Volgens W. Van den Branden oudste vermelding als "Pudele" in een oorkonde van 1118, vermoedelijk in de betekenis van "bosje of houtgewas op verhoogde zandgrond nabij een modderige plaats"; in 1457 gaf hertog Filips van Bourgondië Poederlee in leen aan de familie van Vriesele; latere eigenaars zijn onder meer de families de Brimeu, Snoy en van Steenhuys. In 1653 werd Poederlee verheven tot baronie ten voordele van Philippe-Guillaume van Steenhuys, vanaf 1717 droeg Eugène d'Olmen de titel van baron van Poederlee.

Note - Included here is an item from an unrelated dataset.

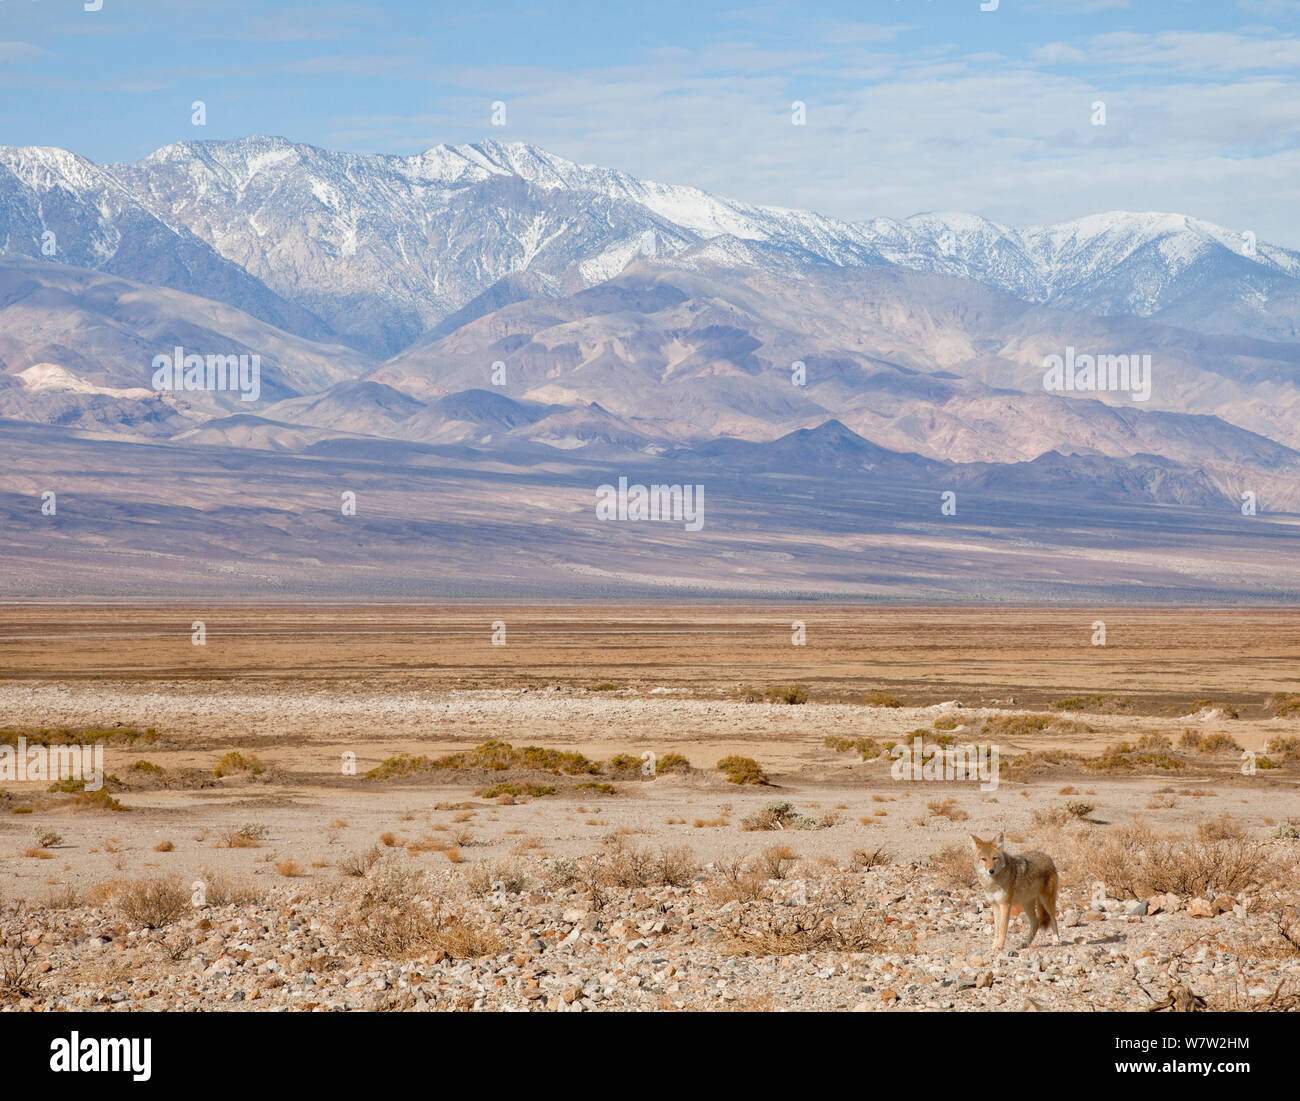 Coyote (Canis latrans) posing in habitat, with Snowy Telescope Peak, Death Valley National Park, California, USA, November 2013. Stock Photo

Op kerkelijk gebied was Poederlee vóór 1123 een afhankelijkheid van de moederparochie Vorselaar. In 1123 gaf de bisschop van Kamerijk het altaar van Vorselaar samen met de capella van Poederlee aan het kapittel van Kamerijk; in 1321 werd Poederlee met Wechelderzande als annex afgescheiden. De scheiding tussen Poederlee en Wechelderzande gebeurde in 1572 door bisschop Sonnius.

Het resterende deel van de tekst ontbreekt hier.